What is expected :: From the data that follows, copy every line with the string "sign".

Records shown ::
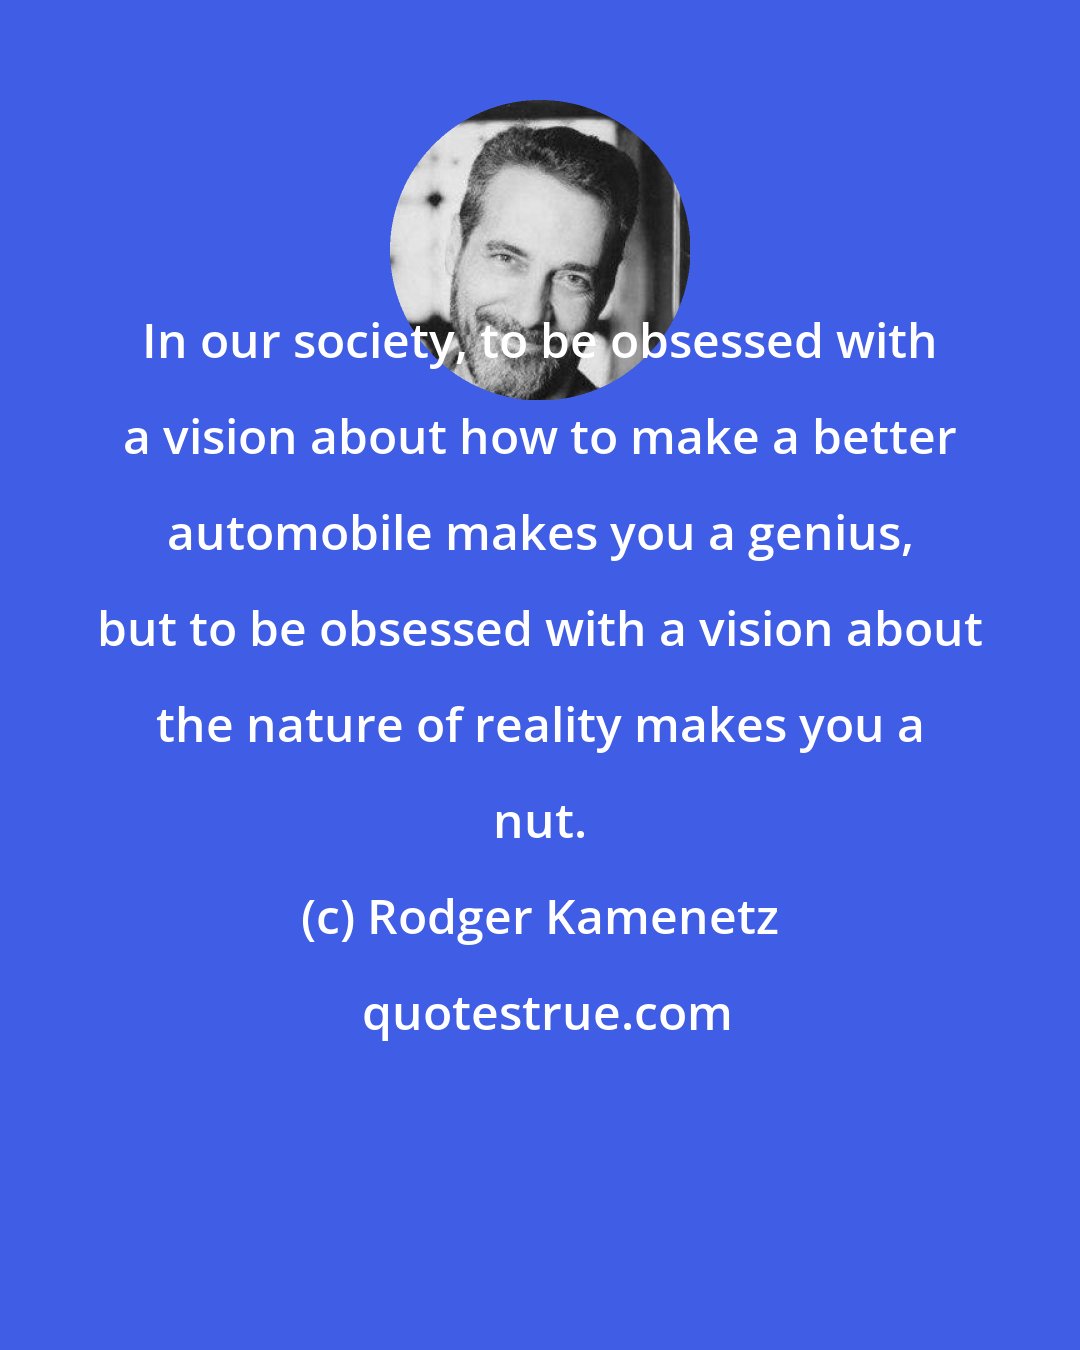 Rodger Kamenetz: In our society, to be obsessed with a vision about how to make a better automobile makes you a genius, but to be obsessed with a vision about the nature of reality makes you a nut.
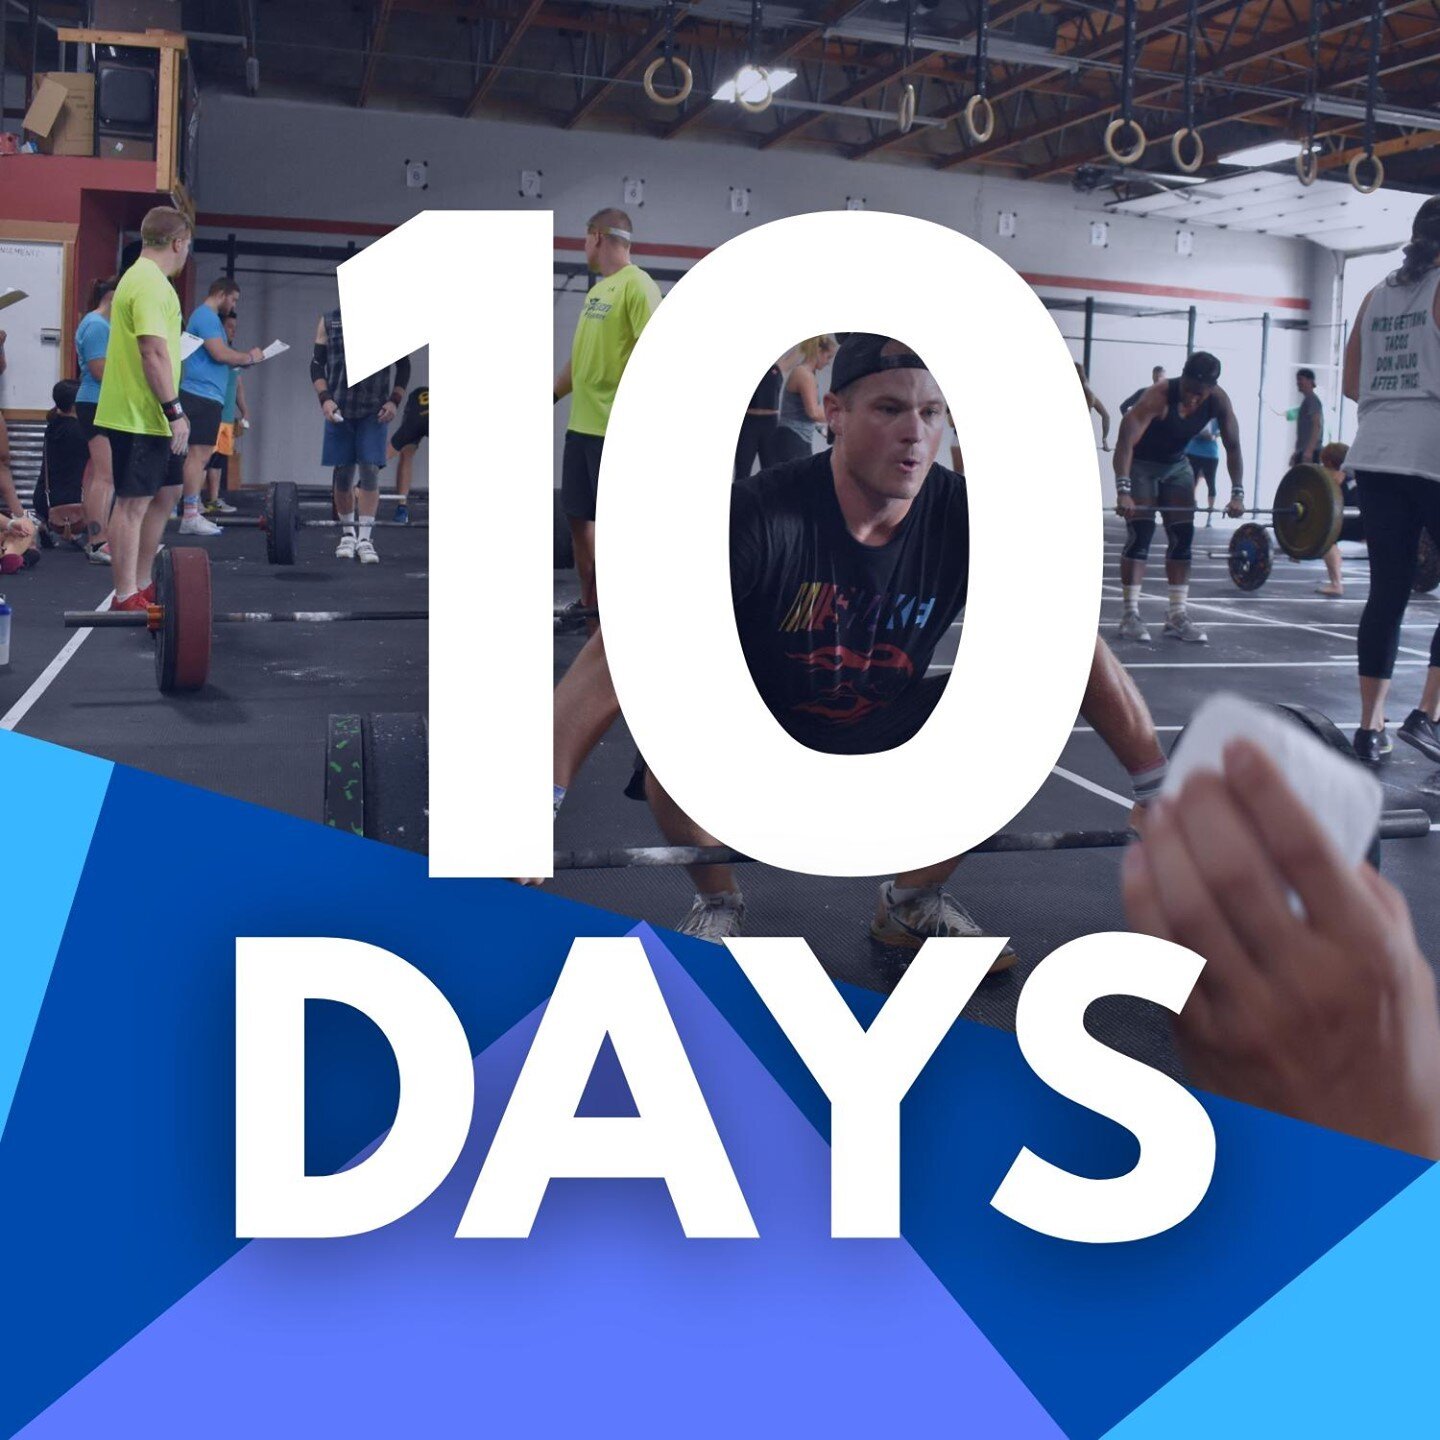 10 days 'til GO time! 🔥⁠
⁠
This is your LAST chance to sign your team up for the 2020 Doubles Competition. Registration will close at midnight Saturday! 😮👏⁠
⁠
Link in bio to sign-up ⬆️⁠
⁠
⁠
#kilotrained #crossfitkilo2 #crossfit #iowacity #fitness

Reply ::
This is your LAST chance to sign your team up for the 2020 Doubles Competition. Registration will close at midnight Saturday! 😮👏⁠
Link in bio to sign-up ⬆️⁠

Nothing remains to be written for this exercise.